I have six of my most-often used tool, the Thompson 3/8” spindle gouge, and sharpen them on the Tormak. Use the Varigrind for the bowl gouges, Wolverine platform for everything else. I don’t recommend this method for everyone, but it works for me.

JKJ
 
My 1 hp Rikon does not like the heavy wheels from D Way. It moans and groans worse than I do when starting up. I do make a point to hit the heel of the tool I am sharpening on the wheel to get it to stop. It spins for a very long time after I turn it off.

robo hippy
 
My 1 hp Rikon does not like the heavy wheels from D Way. It moans and groans worse than I do when starting up. I do make a point to hit the heel of the tool I am sharpening on the wheel to get it to stop. It spins for a very long time after I turn it off.

robo hippy
You have 1 or 2 of those 17 lb wheels?
 
I do make a point to hit the heel of the tool I am sharpening on the wheel to get it to stop. It spins for a very long time after I turn it off.

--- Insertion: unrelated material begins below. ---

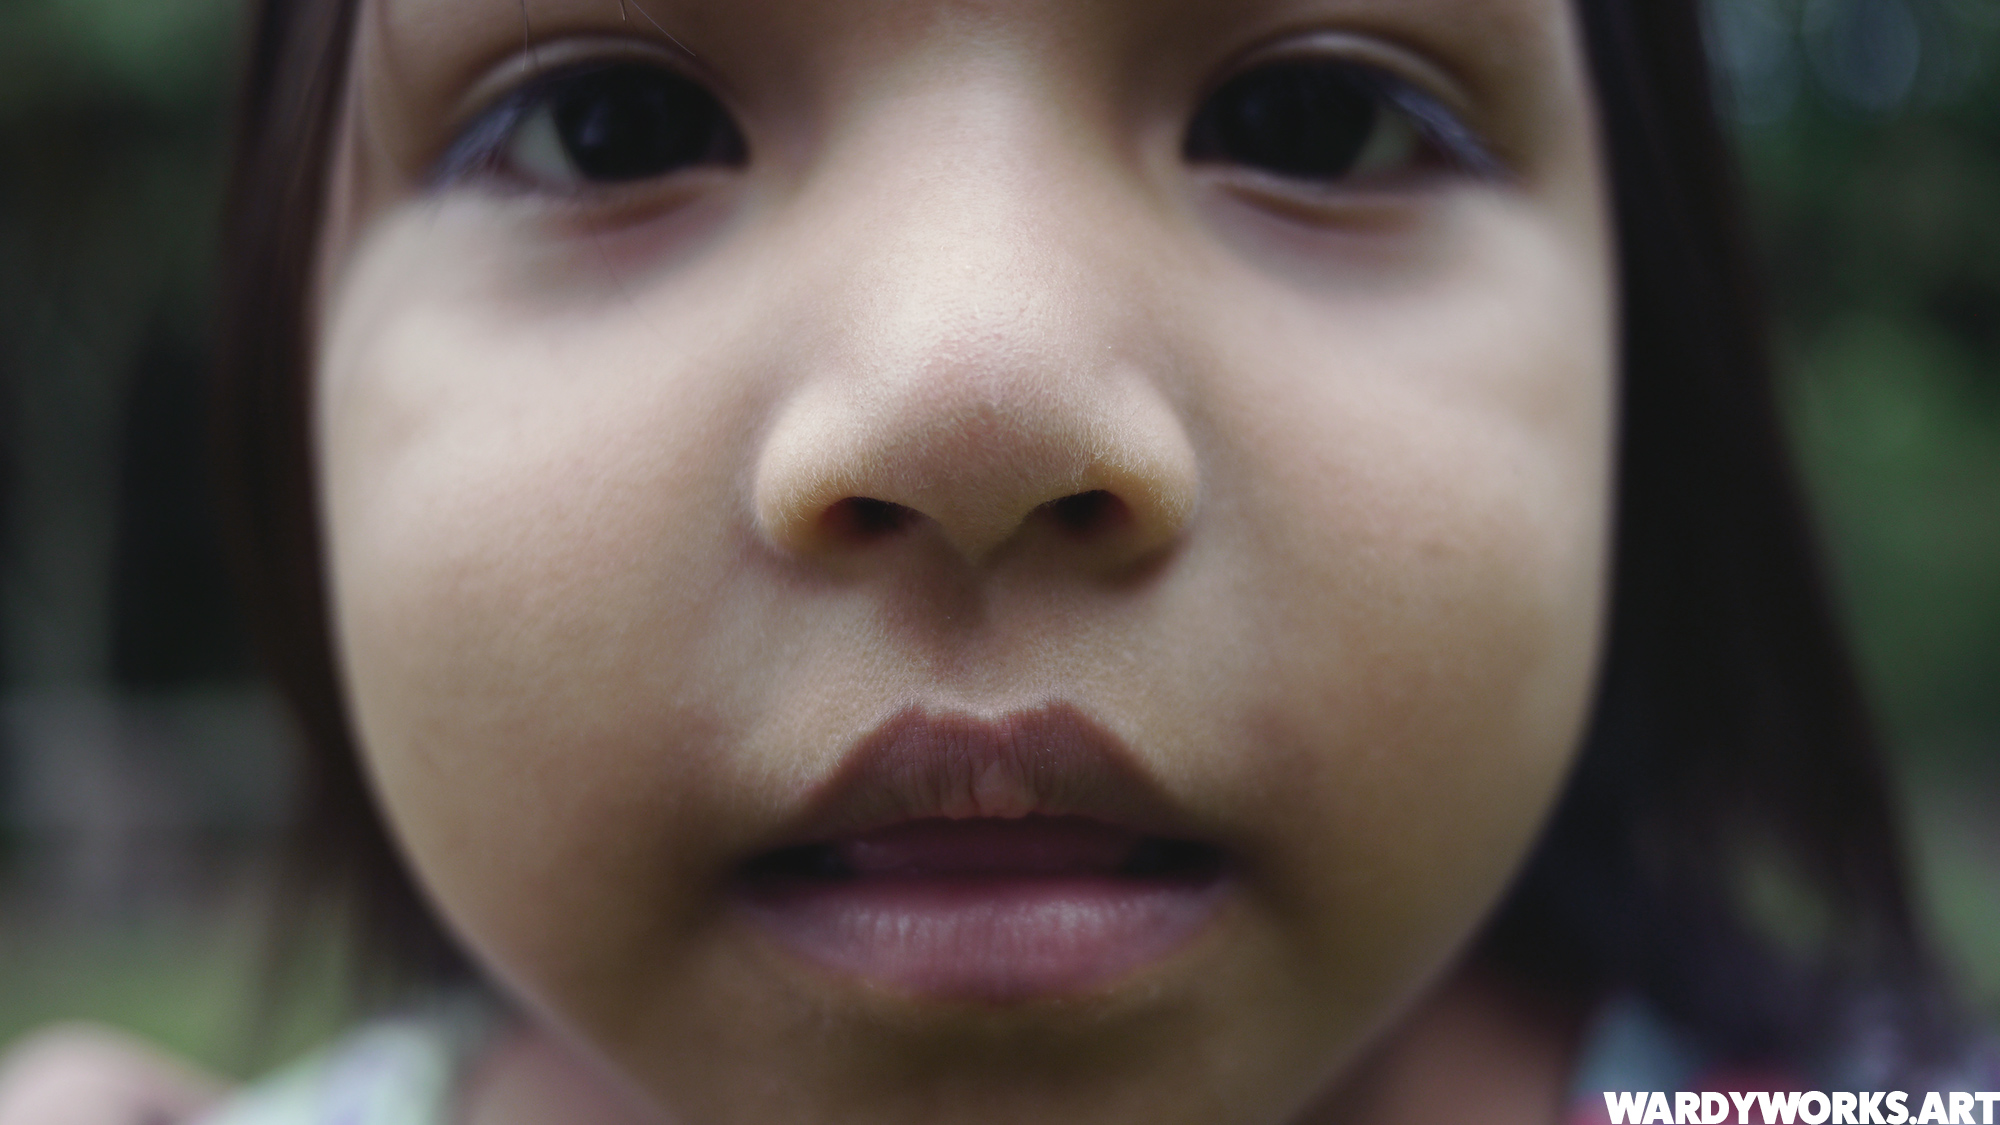 Wardyworks_Santiago-Kid1.jpg

I found what works for me to slow down and stop the wheel is a piece of soft maple wood maybe 1.5”x8”x1/2” thick. When turning the grinder off, I hold the piece of wood against the inside of the CBN wheels right behind the rim. (I use the WTW mega square aluminum wheels).

The friction against the aluminum stops the wheel quickly. I don’t know how this would work with the heavier steel CBN wheels.

I miss my grinder that had an internal brake.